> WHAT YOU ARE ASKED TO DO:
Each line starting at the one that contains "DERCLIVE Fashion Men" and ending at the one that contains "2001 pontiac grand" must be returned exactly, and the rest of the listing is left out.

> DATASET EXCERPTS:

=== Section Start ===

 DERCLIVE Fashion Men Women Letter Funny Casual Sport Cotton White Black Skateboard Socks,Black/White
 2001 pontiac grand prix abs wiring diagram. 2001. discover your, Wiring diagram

=== Section End ===
=== Section Start ===

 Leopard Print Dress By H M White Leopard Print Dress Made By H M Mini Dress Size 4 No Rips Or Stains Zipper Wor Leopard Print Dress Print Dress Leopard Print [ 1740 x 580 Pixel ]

=== Section End ===

> COMPLETED TASK:
 DERCLIVE Fashion Men Women Letter Funny Casual Sport Cotton White Black Skateboard Socks,Black/White
 2001 pontiac grand prix abs wiring diagram. 2001. discover your, Wiring diagram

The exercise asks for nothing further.